What you should do - Only one stretch of the data is wanted: the line containing "Kobe, City of Design", the line containing "Képek - Zaziki quark Milsani", and every line between them, copied exactly.

Source data -
((
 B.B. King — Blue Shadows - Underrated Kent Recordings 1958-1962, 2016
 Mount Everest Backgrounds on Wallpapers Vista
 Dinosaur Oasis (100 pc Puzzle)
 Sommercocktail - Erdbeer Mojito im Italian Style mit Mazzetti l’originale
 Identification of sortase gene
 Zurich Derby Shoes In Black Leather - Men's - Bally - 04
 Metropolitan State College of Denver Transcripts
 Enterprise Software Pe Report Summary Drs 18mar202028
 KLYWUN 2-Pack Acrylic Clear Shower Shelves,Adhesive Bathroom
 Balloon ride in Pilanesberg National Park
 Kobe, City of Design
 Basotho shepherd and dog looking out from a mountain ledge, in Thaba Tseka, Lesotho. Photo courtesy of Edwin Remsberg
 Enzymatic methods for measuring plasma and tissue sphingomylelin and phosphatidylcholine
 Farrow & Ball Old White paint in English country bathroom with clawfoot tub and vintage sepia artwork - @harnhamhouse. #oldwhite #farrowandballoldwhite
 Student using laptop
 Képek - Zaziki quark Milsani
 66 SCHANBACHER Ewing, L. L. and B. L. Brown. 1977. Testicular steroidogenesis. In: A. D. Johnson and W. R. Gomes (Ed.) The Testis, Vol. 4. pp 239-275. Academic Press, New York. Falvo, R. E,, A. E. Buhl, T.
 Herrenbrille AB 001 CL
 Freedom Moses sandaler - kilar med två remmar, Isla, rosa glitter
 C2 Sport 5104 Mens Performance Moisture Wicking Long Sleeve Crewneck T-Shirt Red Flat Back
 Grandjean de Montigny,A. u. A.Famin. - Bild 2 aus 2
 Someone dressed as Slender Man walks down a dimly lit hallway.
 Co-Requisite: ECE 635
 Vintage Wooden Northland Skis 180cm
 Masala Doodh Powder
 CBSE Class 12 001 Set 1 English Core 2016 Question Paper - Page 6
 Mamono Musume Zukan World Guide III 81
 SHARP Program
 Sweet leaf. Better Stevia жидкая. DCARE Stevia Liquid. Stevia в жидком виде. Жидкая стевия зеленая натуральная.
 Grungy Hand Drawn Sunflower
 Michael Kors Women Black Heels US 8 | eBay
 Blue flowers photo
))
Exercise response -
 Kobe, City of Design
 Basotho shepherd and dog looking out from a mountain ledge, in Thaba Tseka, Lesotho. Photo courtesy of Edwin Remsberg
 Enzymatic methods for measuring plasma and tissue sphingomylelin and phosphatidylcholine
 Farrow & Ball Old White paint in English country bathroom with clawfoot tub and vintage sepia artwork - @harnhamhouse. #oldwhite #farrowandballoldwhite
 Student using laptop
 Képek - Zaziki quark Milsani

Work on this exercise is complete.